BEGIN Data supplied
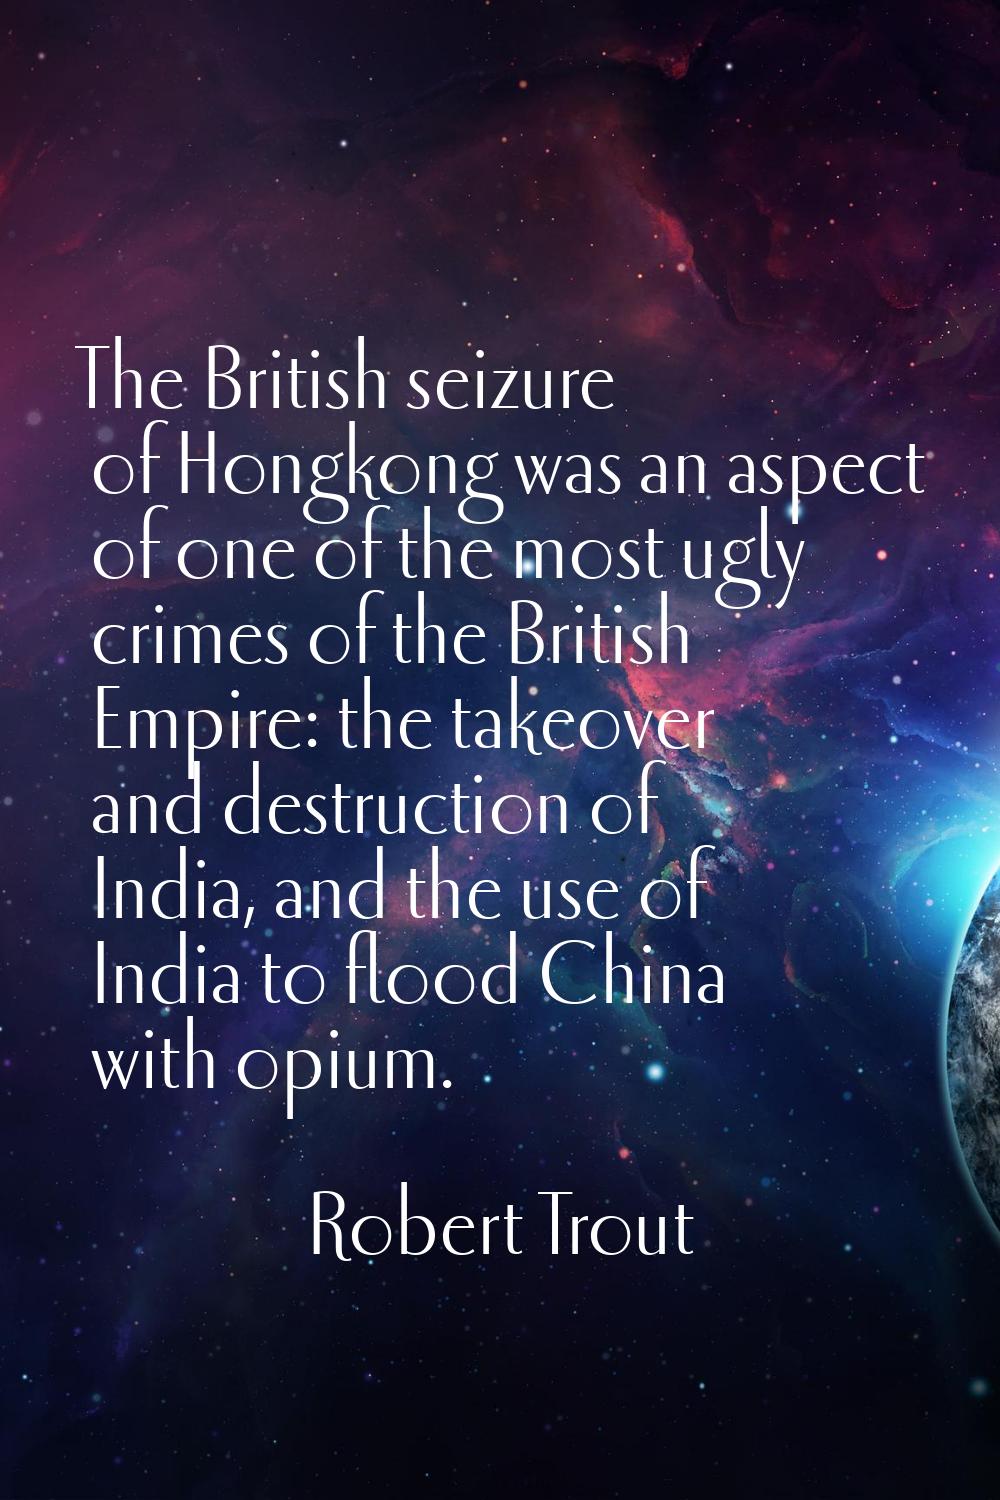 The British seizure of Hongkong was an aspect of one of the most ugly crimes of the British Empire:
END Data supplied
BEGIN Data supplied
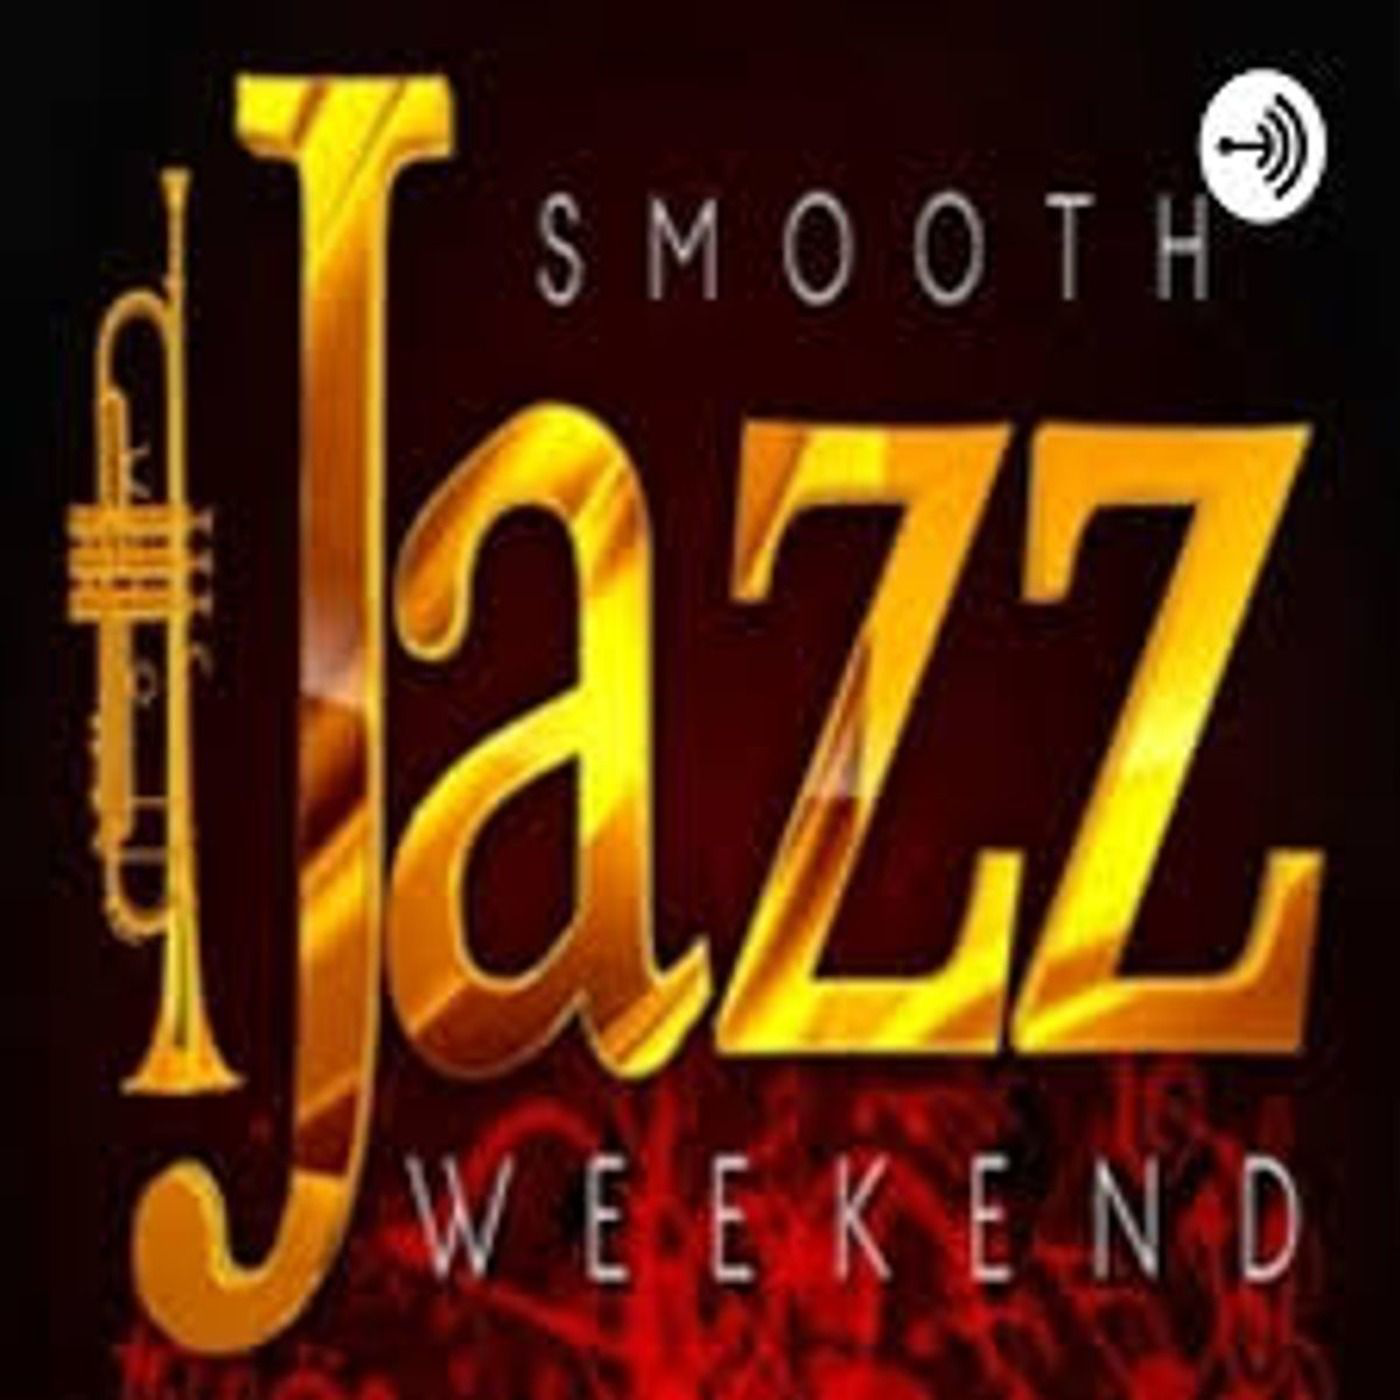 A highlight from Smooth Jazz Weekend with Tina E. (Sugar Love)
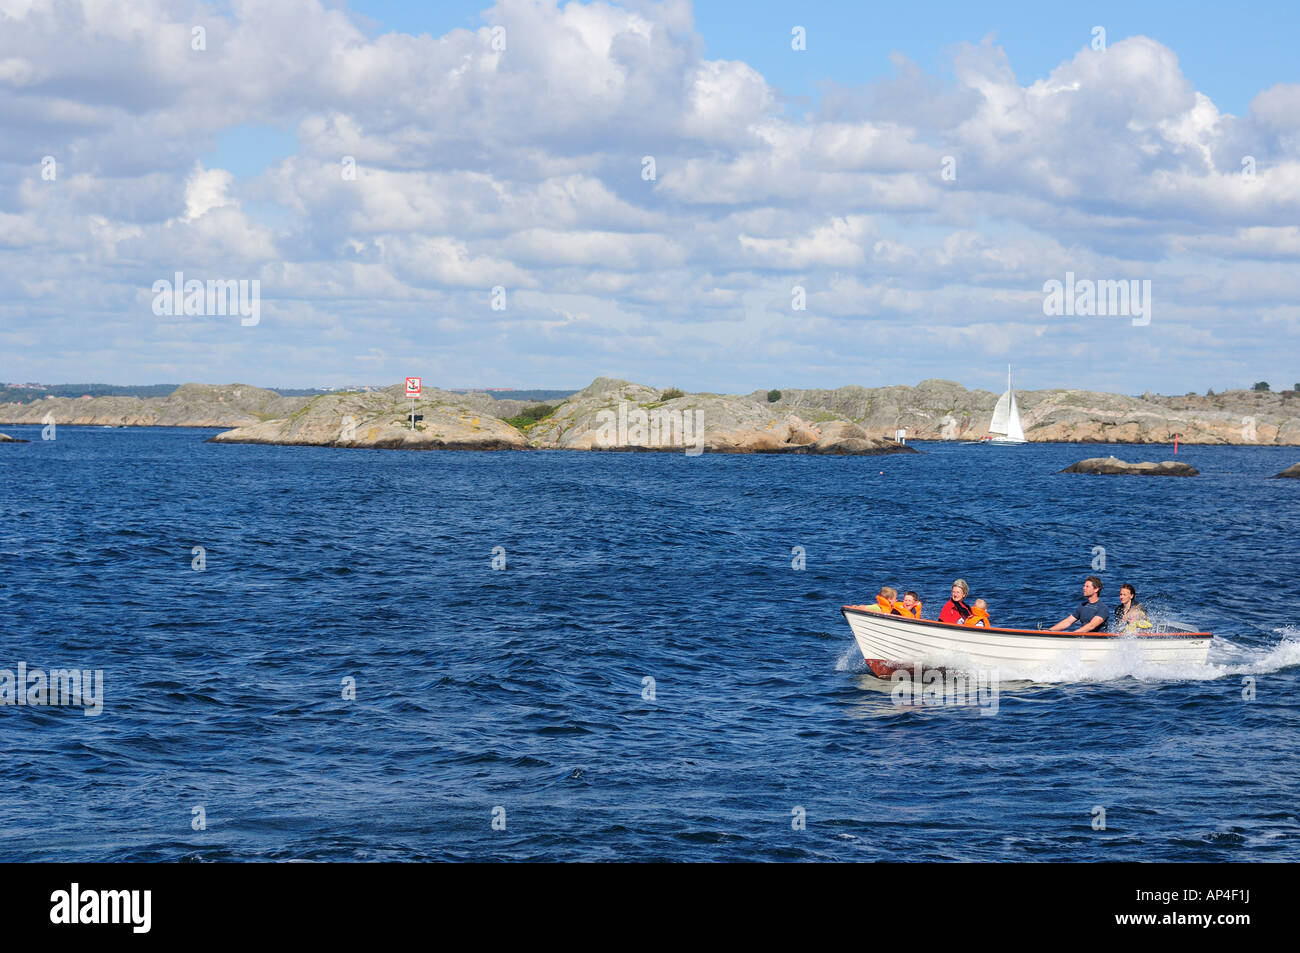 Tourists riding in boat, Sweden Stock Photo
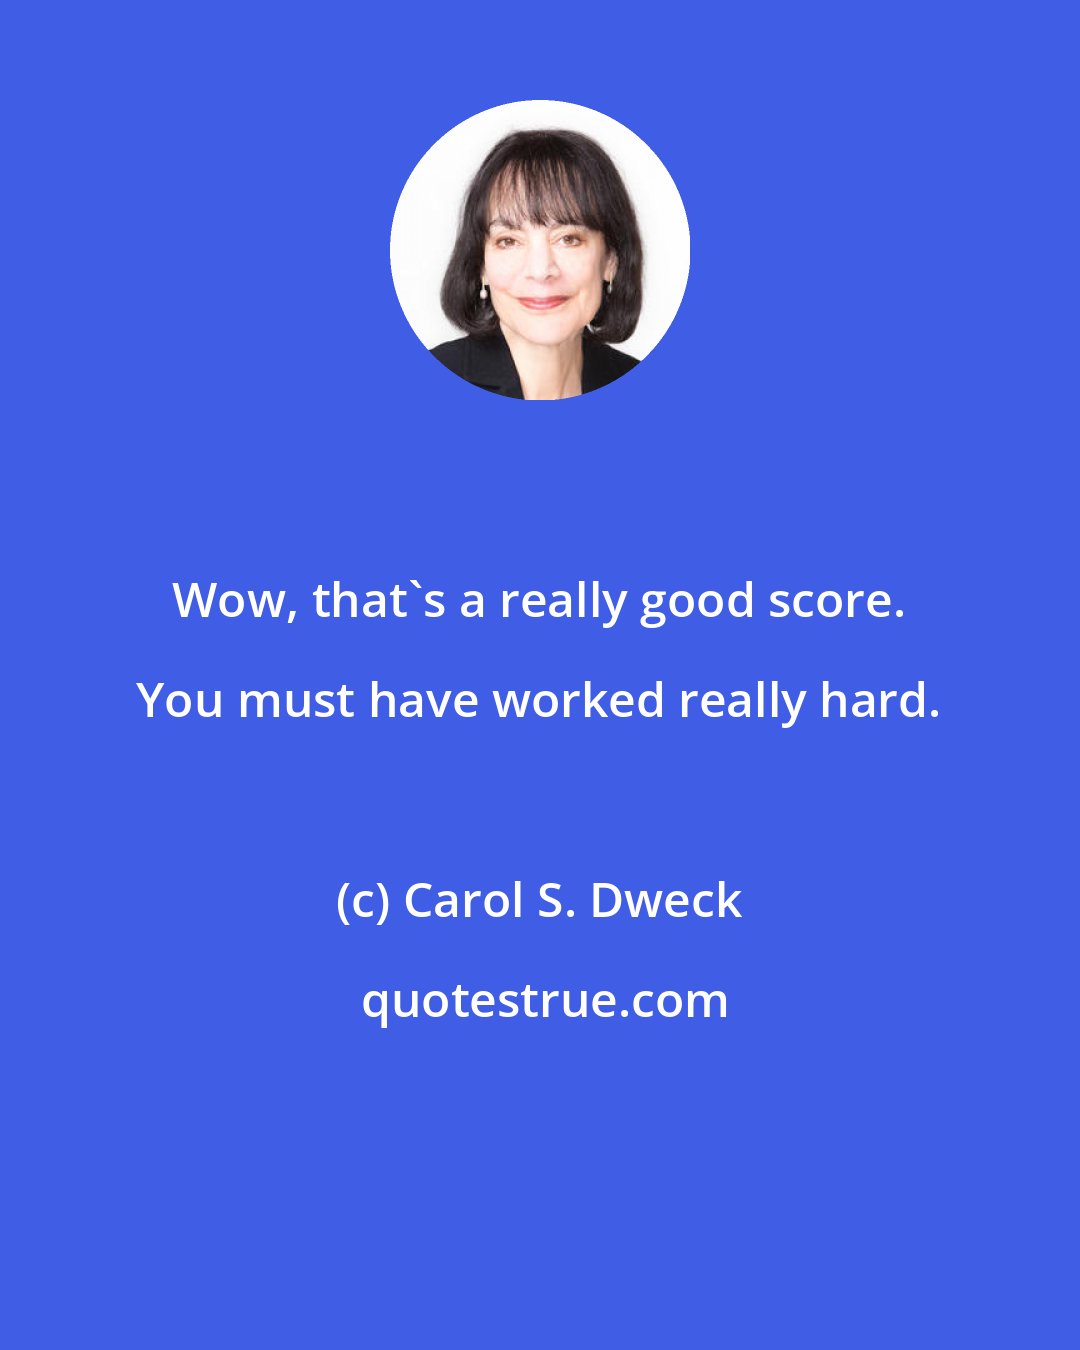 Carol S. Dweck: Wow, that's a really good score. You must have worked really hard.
END Data supplied
Task statement:
With the pictures removed, print only the lines starting at the line that has "Tourists riding in boat, Sweden Stock Photo" and ending at the line that has "Carol S. Dweck: Wow, that's", both ends included, exactly as they stand above.

Answer to the problem:
 Tourists riding in boat, Sweden Stock Photo
 Carol S. Dweck: Wow, that's a really good score. You must have worked really hard.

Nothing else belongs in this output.